The weird part here is that it means that function calls
may print an error before entering the actual function body.
I don't know if it's an actual problem in practice, but
function authors might want control of their error messages.
But of course, they don't need to use this flag.
And everyone is fine with using argparse too..

I think another potential problem with growing function options like this is that it will prevent some people from discovering (or taking the plunge into) argparse,
which seems strictly superior (we might need to add --argument-names).

When I write CLI tools (mainly POSIX shell scripts), I often use
environment variables, or positional arguments because I'm too lazy to
figure out how to use getopts. I think it's much easier with argparse,
and that leads to nicer CLIs.

I think @Elec3137's concern in #11728 about argparse was that they didn't want to specify args redundantly. That we can achieve with argparse

function getCreationTime --description 'outputs the creation time of the given subvolume'
	argparse --positionals subvol -- $argv
	or return
	...
end

Note that they didn't use return but exit 1 (i.e. exit the whole shell, or, if inside source, exit the current file).
If they actually want exit semantics rather than only from returning from the current function,
then this --strict-argument-names feature wouldn't help.
So let's make sure we have a sound and complete usage example.

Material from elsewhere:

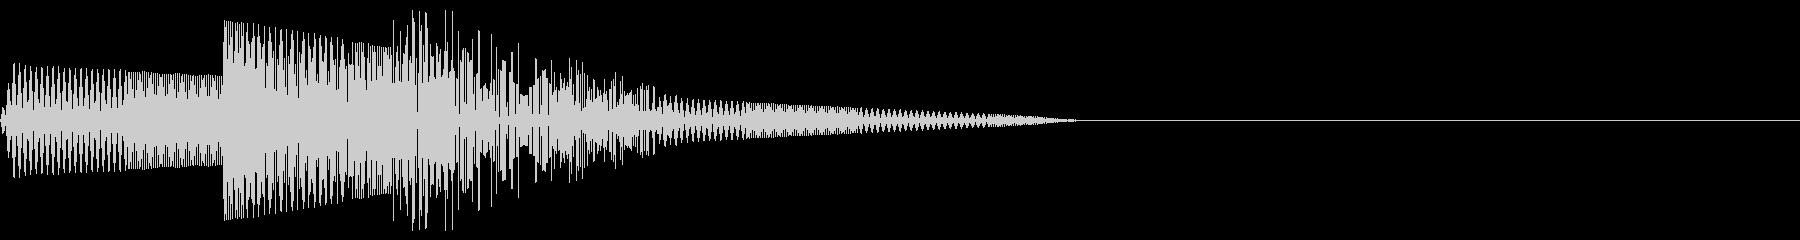 ピコン(選択/魔法/ファミコン/ピコピコの未再生の波形
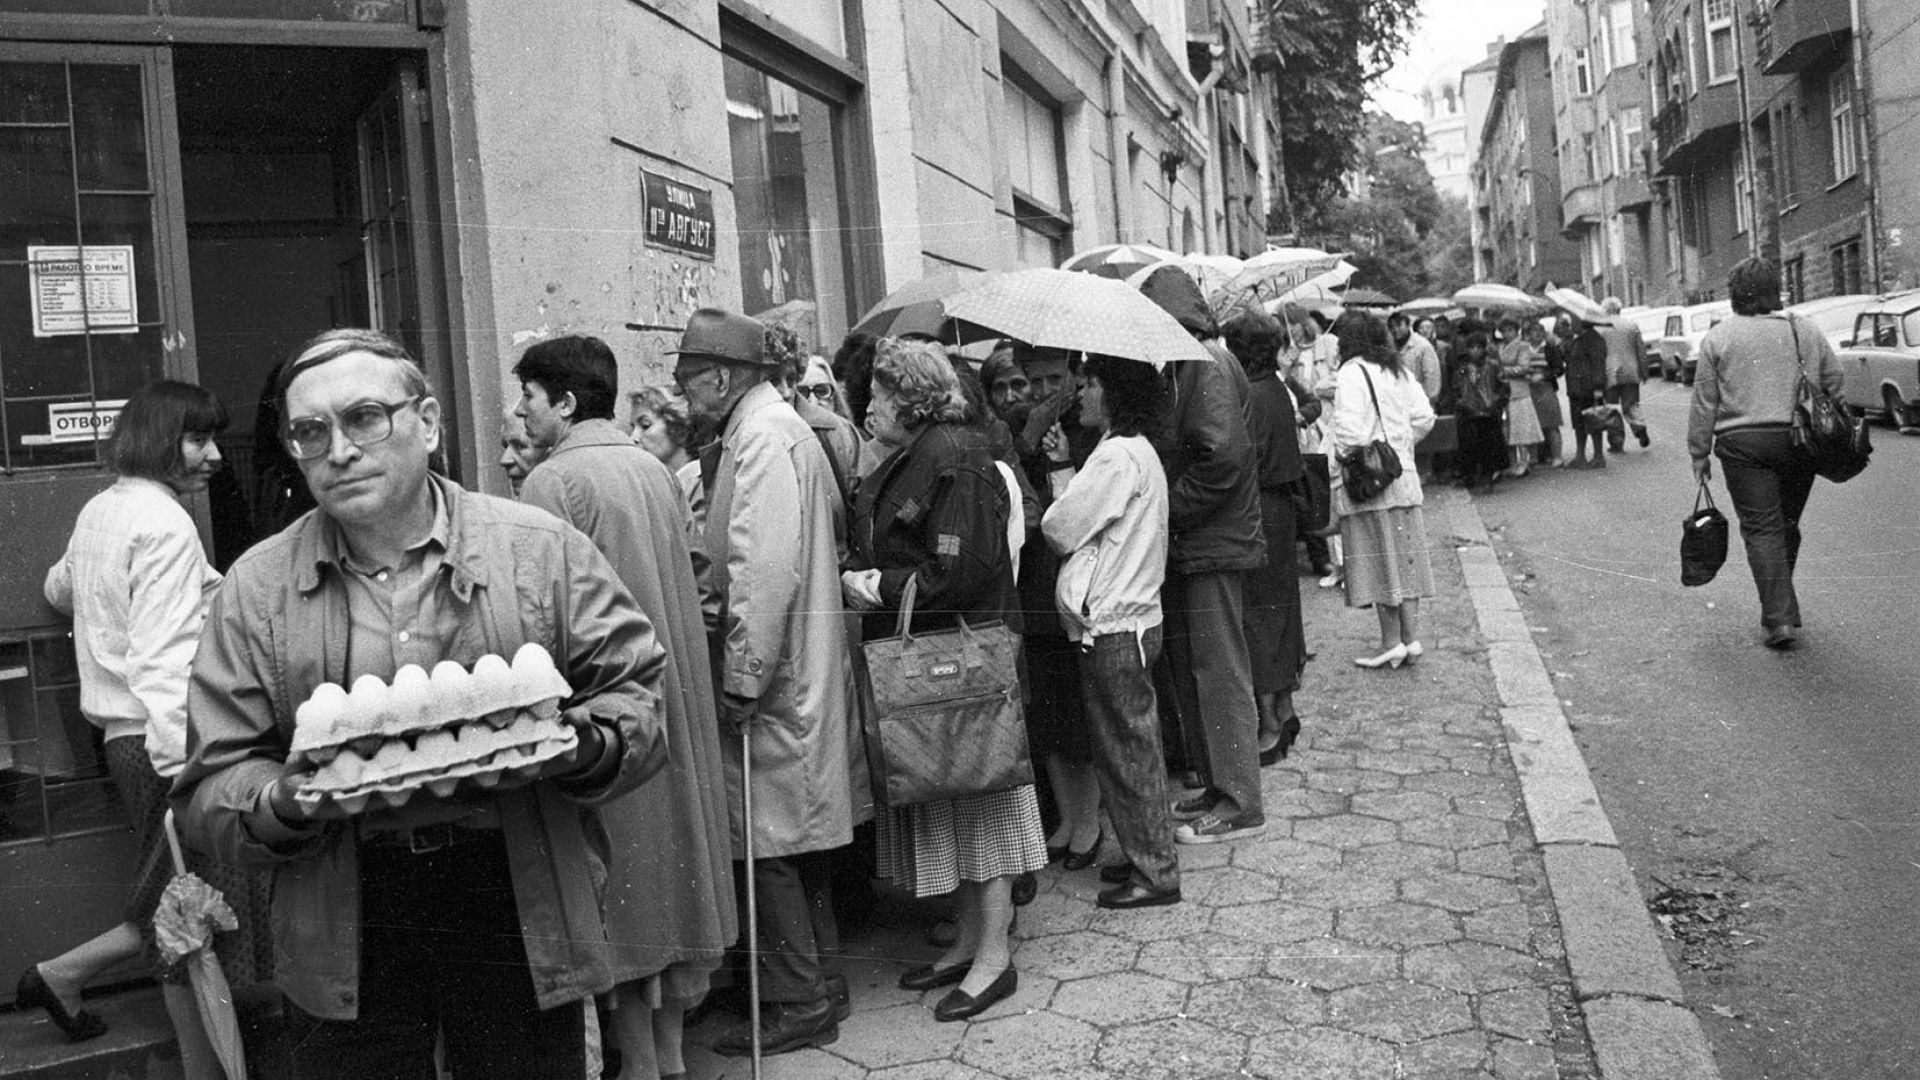 През 1991 г. за повечето хора няколко хляба също се оказват истинско богатство. Снимка: Иван Григоров/Dir.bg

I'd argue that the argparse example above is pretty nice;
explicit return is how things are currently done,
and the separate line doesn't hurt. Not sure.

So let me know if you think any of my changes would not be suitable for argparse or set.

Ok, let's think about that.

Either way, so far I'm happy with all the commits leading up to the last two.
Can you drop these from this PR, and maybe move them to separate ones? (if there are conflicts between the two, then one PR is fine)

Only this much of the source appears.